Dehydrogenation of propane in the presence of CO2 over GaN/SiO2 catalysts: Relationship between the type of SiO2 and the activity

As a class of key building blocks in the chemical industry, propylene is mainly obtained from the by-product of naphtha steam cracking and refinery fluid catalytic cracking. Dehydrogenation of propane in the presence of CO2 (CO2-ODHP), as an on-purpose process for producing propylene, is one of the most potential alternative routes. In the present work, a series of mesoporous materials with different pore structures, namely SBA-15, MCF, KIT-6, and microporous materials of Silicalite-1 were synthesized via the hydrothermal method.
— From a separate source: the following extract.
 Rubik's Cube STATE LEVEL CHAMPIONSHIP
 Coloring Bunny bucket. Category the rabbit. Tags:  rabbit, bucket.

These supports were further impregnated with 5 wt% GaN and applied in the CO2-ODHP. The effects of the support, especially the pore structure, acidic and basic properties, Si–OH species, redox characteristic, etc. on catalytic performance of GaN/SiO2 were studied. The 5GaN/Silicalite-1 catalyst (5 means 5 wt%) with a microporous structure, was vigorously disturbed by the extra-granular and intra-granular diffusion limitations, resulting in a low propylene selectivity. However, the Si–OH species in the Silicalite-1 could react with GaN to create more active sites of the Si–O–GaN species, resulting in the improvement of the propane conversion. The 3D interconnected mesopores of the KIT-6 are favorable to eliminate the extra-granular diffusion limitation, and no intra-granular diffusion limitation exists during the reaction. The combination of active sites and mass transfer properties of the catalysts could reduce the apparent activation energy of the reaction, offering an excellent catalytic activity. The present work gains insight into how to reasonably design an efficient GaN-based catalyst in the CO2-ODHP reaction, especially with microporous/mesoporous structures.